Half of Tapered Patients Hospitalized

What happened to the patients who were cut off? Nearly half were hospitalized or had an emergency room visit for an “opioid-related adverse event” -- a medical code that can mean anything from severe withdrawal symptoms to acute respiratory failure. For tapered patients, the risk of being hospitalized was reduced by 7% for each additional week of tapering.

Researchers don’t know how many of the discontinued patients committed suicide or how many were referred to addiction treatment. Notably, less than one percent received medication assistance treatment (MAT) such as Suboxone.

The study did not look at why patients were taken off opioids or who initiated the discontinuation. But researchers believe some of the rapid discontinuations “may be due to a breakdown in the clinical relationship between physicians and patients” – suggesting the patients were forcibly tapered or abandoned by their doctors.

In its warning to doctors, the FDA strongly recommends that patients not be forcibly tapered and that patients and doctors should jointly agree to a tapering plan.

“Health care professionals should not abruptly discontinue opioids in a patient who is physically dependent. When you and your patient have agreed to taper the dose of opioid analgesic, consider a variety of factors, including the dose of the drug, the duration of treatment, the type of pain being treated, and the physical and psychological attributes of the patient. No standard opioid tapering schedule exists that is suitable for all patients,” the FDA said.

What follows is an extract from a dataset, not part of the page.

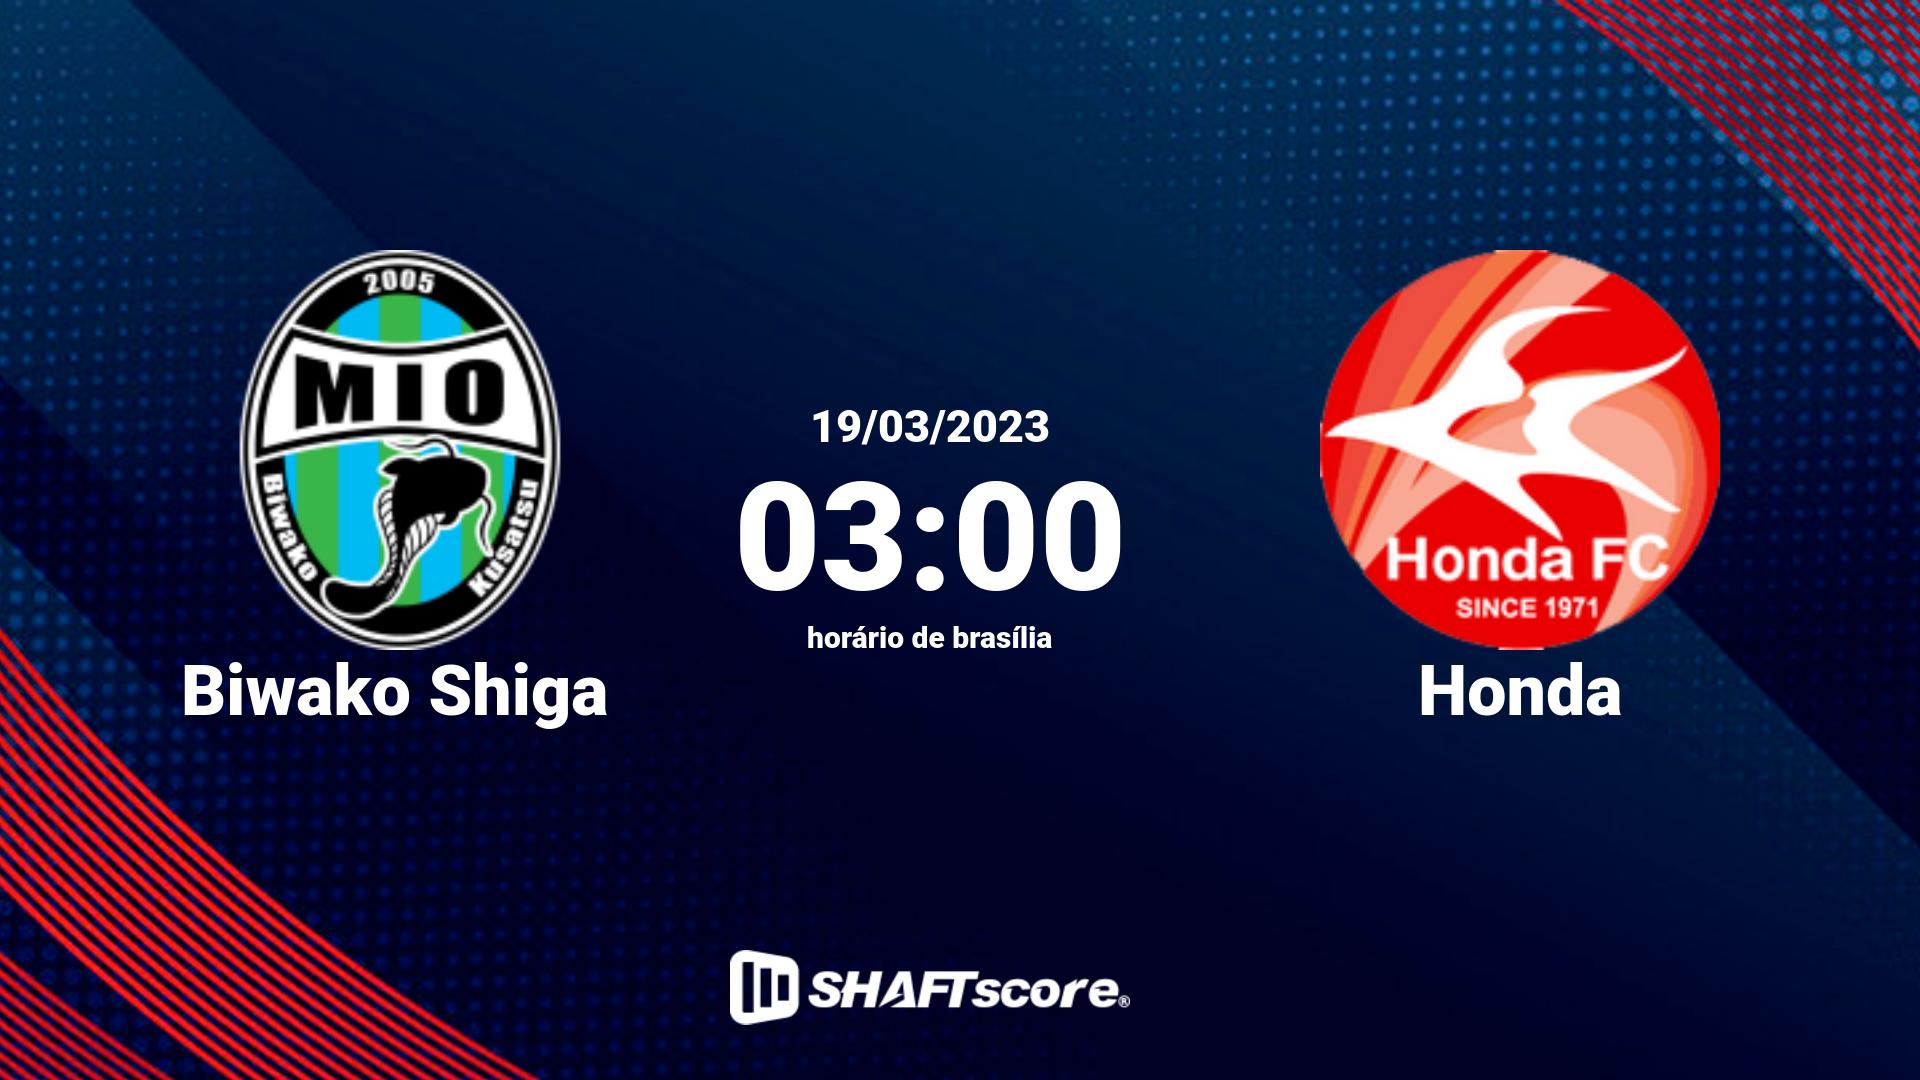 Estatísticas do jogo Biwako Shiga vs Honda 19.03 03:00

Forced Tapering Widespread

How many patients have been forcibly tapered or discontinued is unclear, but it probably runs in the millions. A recent report from IQVIA found that there were 75 million fewer opioid prescriptions filled last year compared to 2014, with the biggest decline in high dose prescriptions. 

In PNN’s recent survey of nearly 6,000 pain patients, over 80 percent said they had been taken off opioids or had their dose reduced since the CDC released its controversial opioid guideline in 2016. Many were turning to other substances – both legal and illegal – for pain relief. And nearly half said they had considered suicide because their pain is poorly treated.

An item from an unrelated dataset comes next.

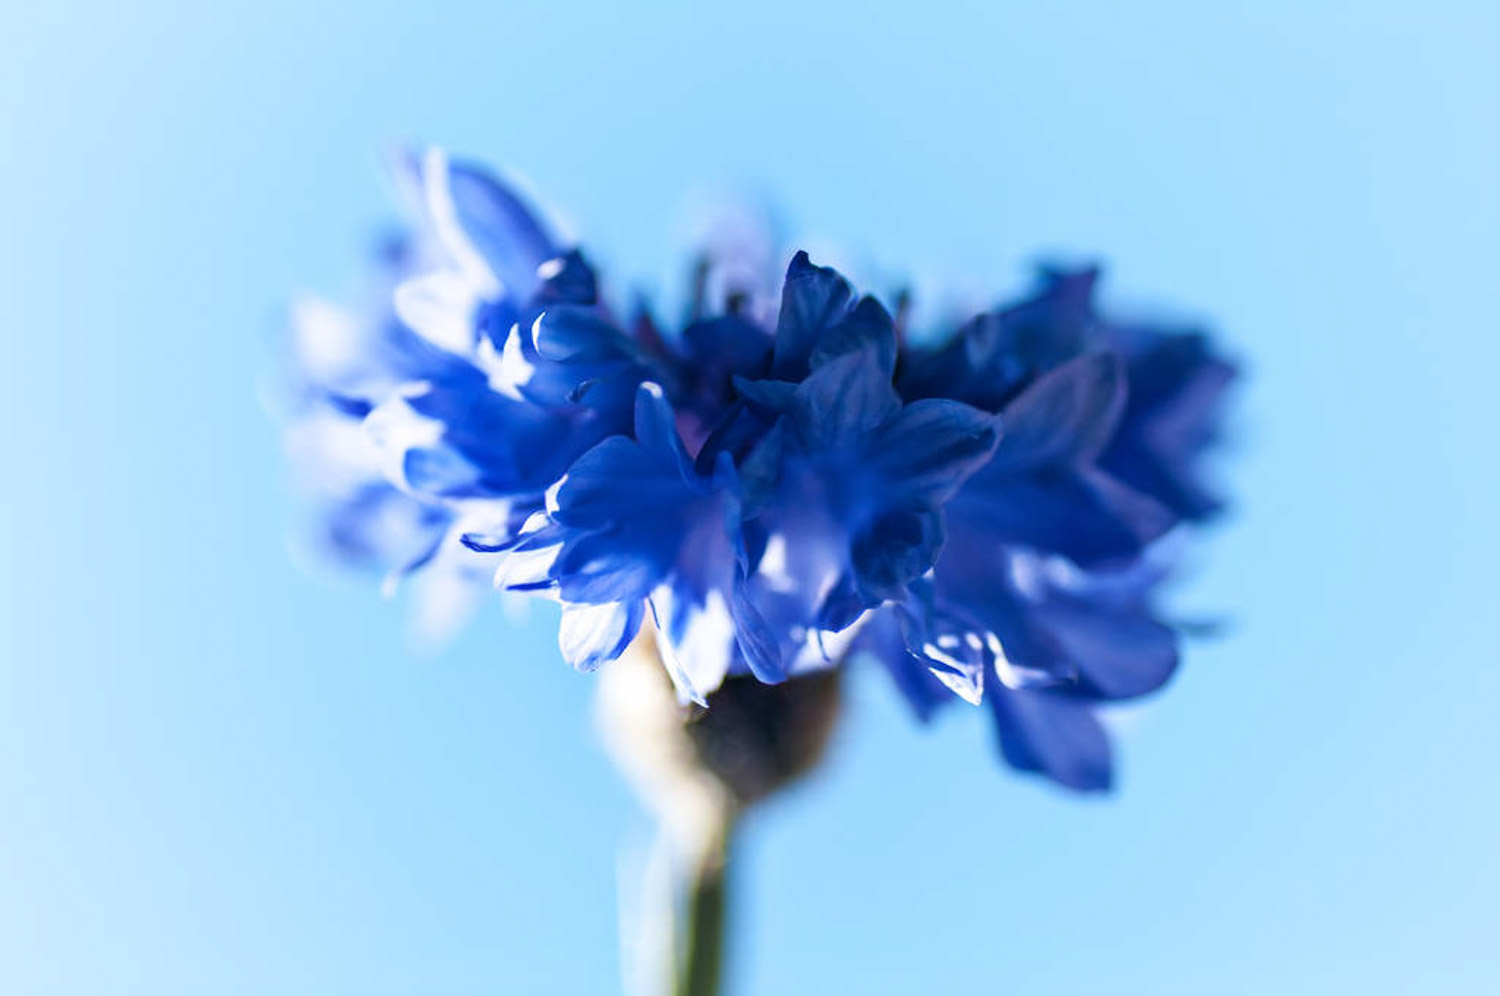 蓝色矢车菊的花语和寓意
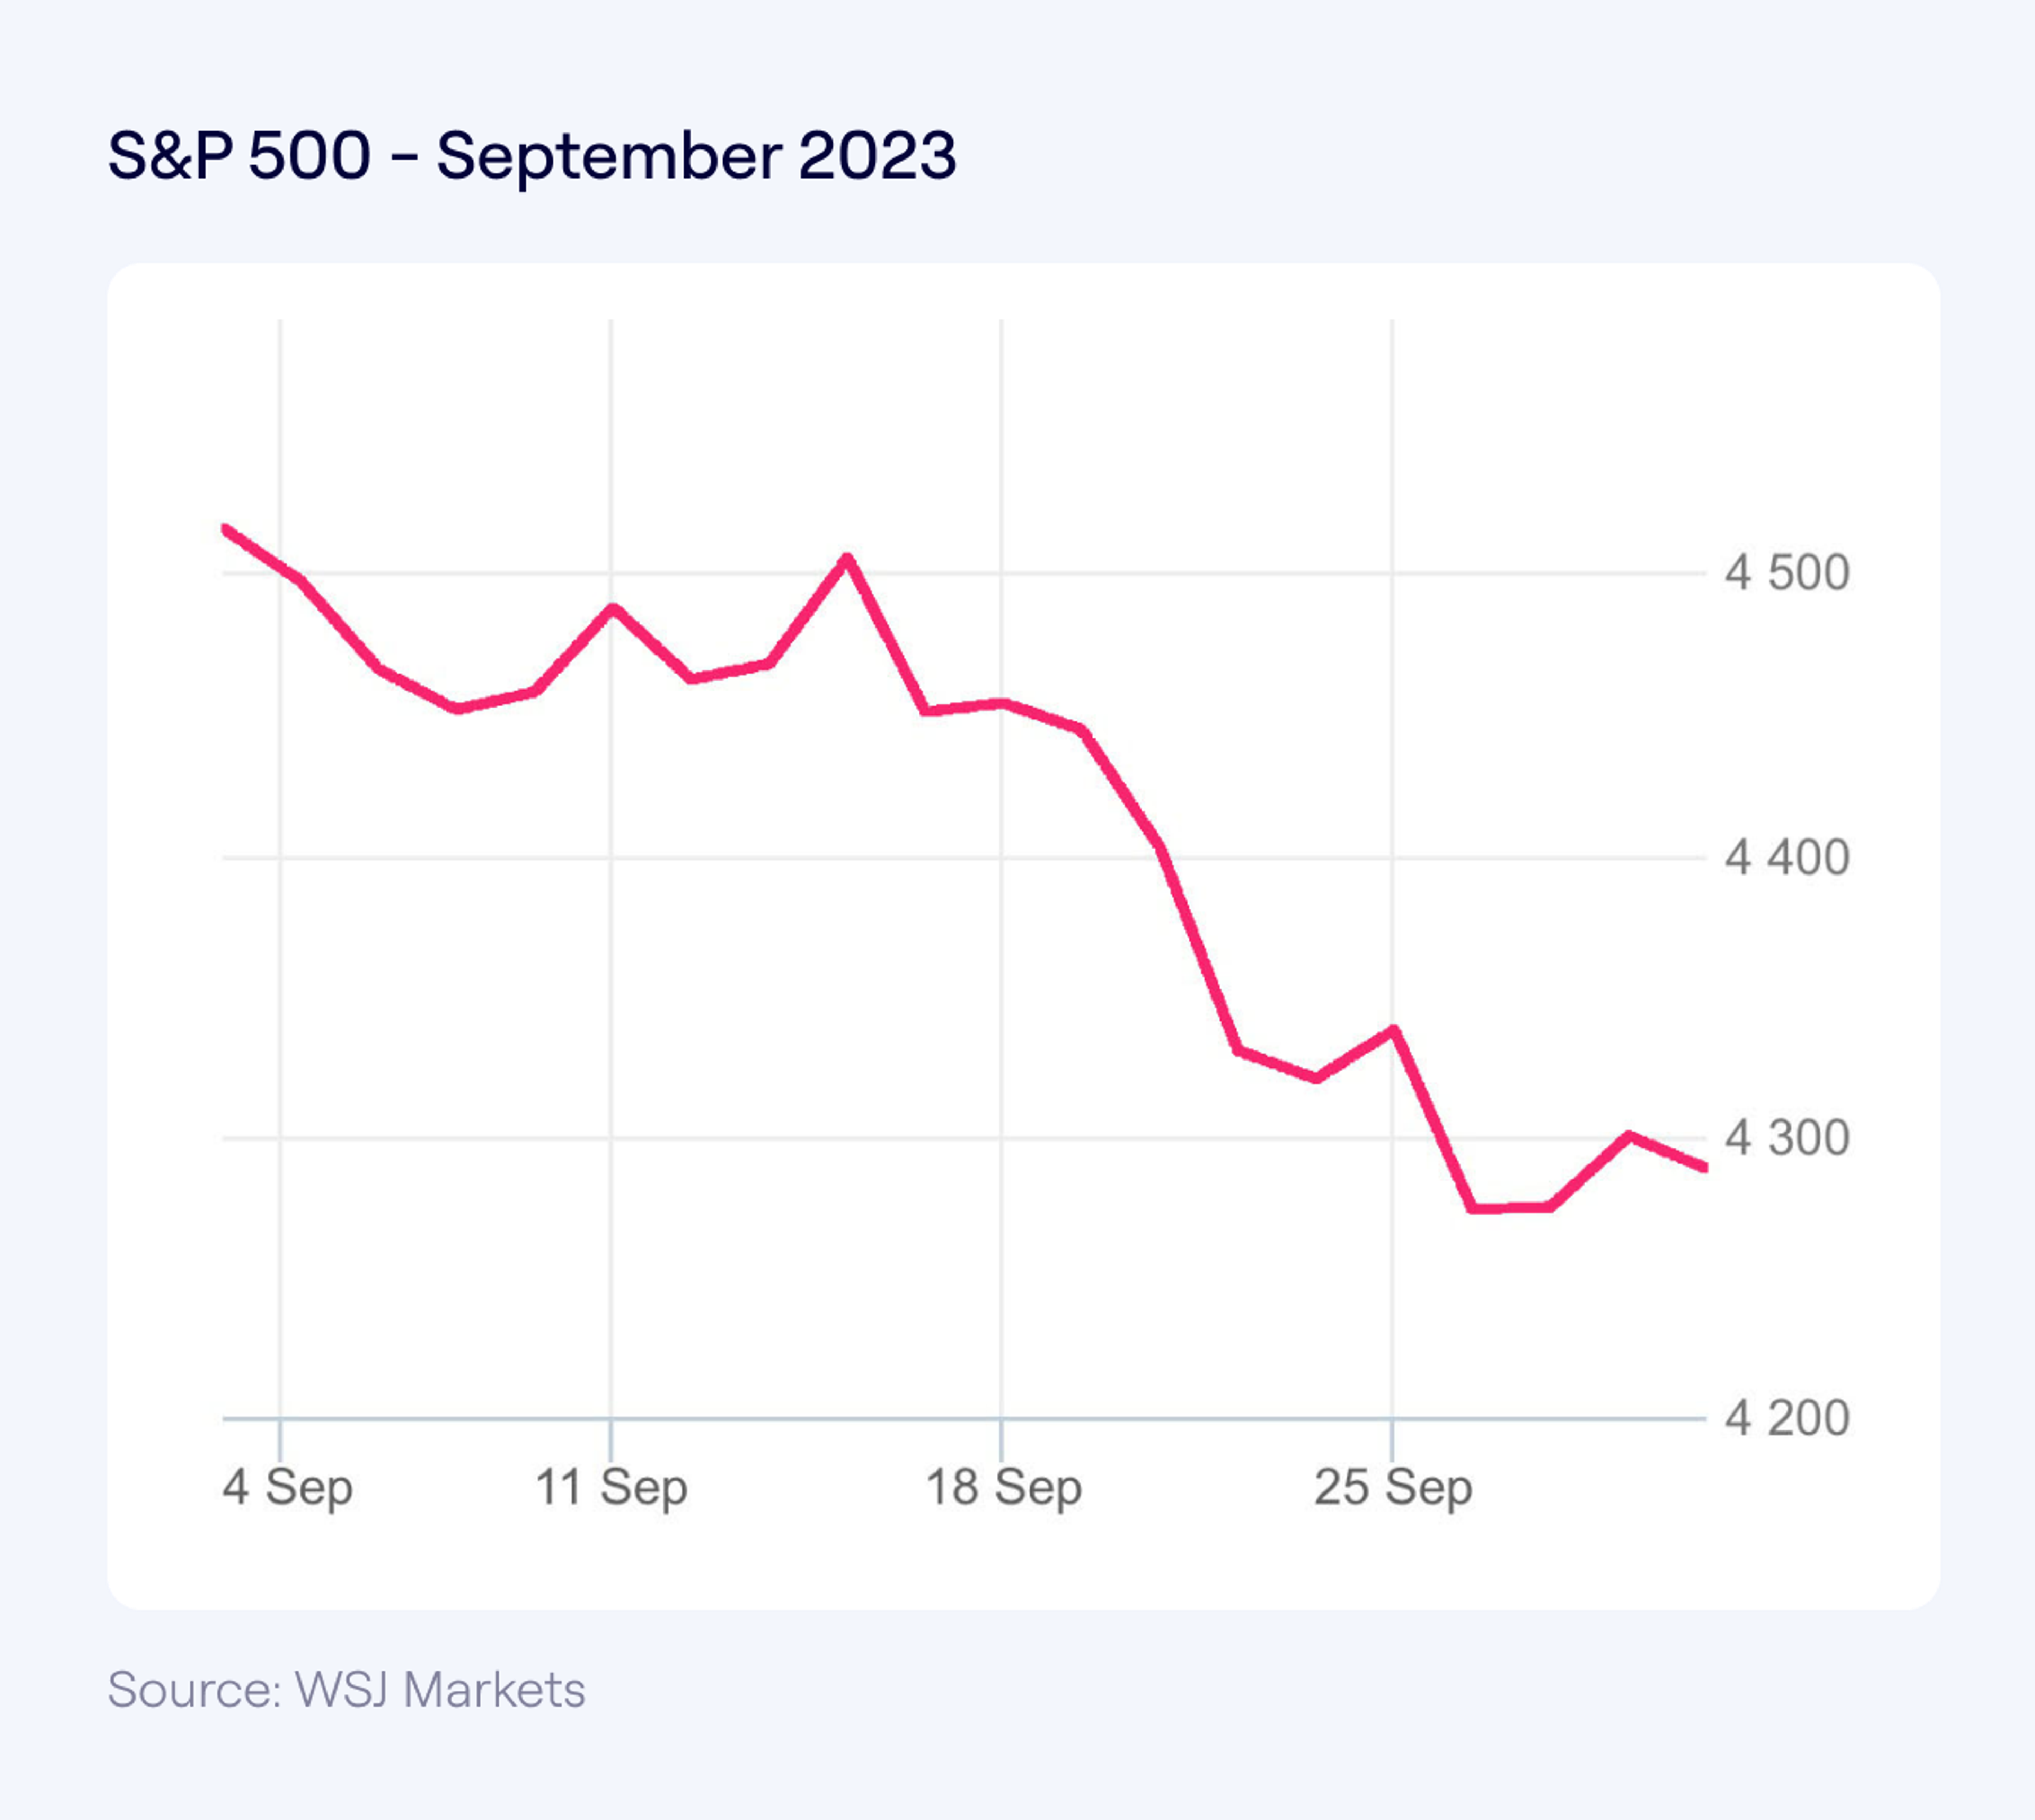 S&P500 September 2023

“I have been forced to taper to 90 MME. I had been stable and functional for 10 years at 135 MME. Now I can no longer work, and can barely take care of my children. I am considering suicide because my pain is unbearable,” one patient told us.

“I have been forcibly tapered by more than half and my pain is not being relieved at this dose. I am now unable to work or care for my children,” another patient wrote. “I live in constant anxiety (which worsens my pain) that I will be abandoned, refused any pain management, or reduced to a dose so low that taking my own life is the only way to escape the pain.”

“My forced taper was a little over a year ago. Before that I lived a small but functional life on high dose opioids. I took the same dose, from the same doctor for over a decade. Then I was forced off of 75% of my dose,” said another patient. “Once we got down to my current dose the medication was no longer enough to control my pain. I now live a tiny, nonfunctional life. I spend all my time in bed watching TV. I never leave the house. Showers are my worst enemy. And I am lucky. I wasn’t abandoned by my doctor.”

A noted critic of opioid prescribing calls reports like these exaggerations. Andrew Kolodny, MD, the Executive Director and founder of Physicians for Responsible Opioid Prescribing (PROP), told Stateline that the number of doctors who are inappropriately tapering patients is likely very small and should not be blamed on the CDC.

"We have a very real problem in this country. But the CDC guidelines didn't cause it," Kolodny said. "The problem is that millions of Americans have been put on round-the-clock opioids at very high doses and for reasons that doctors now realize were not appropriate.

"What the FDA needs to tell doctors is that because it is so excruciating to come off of opioids, they need to be very selective about who they put on them.”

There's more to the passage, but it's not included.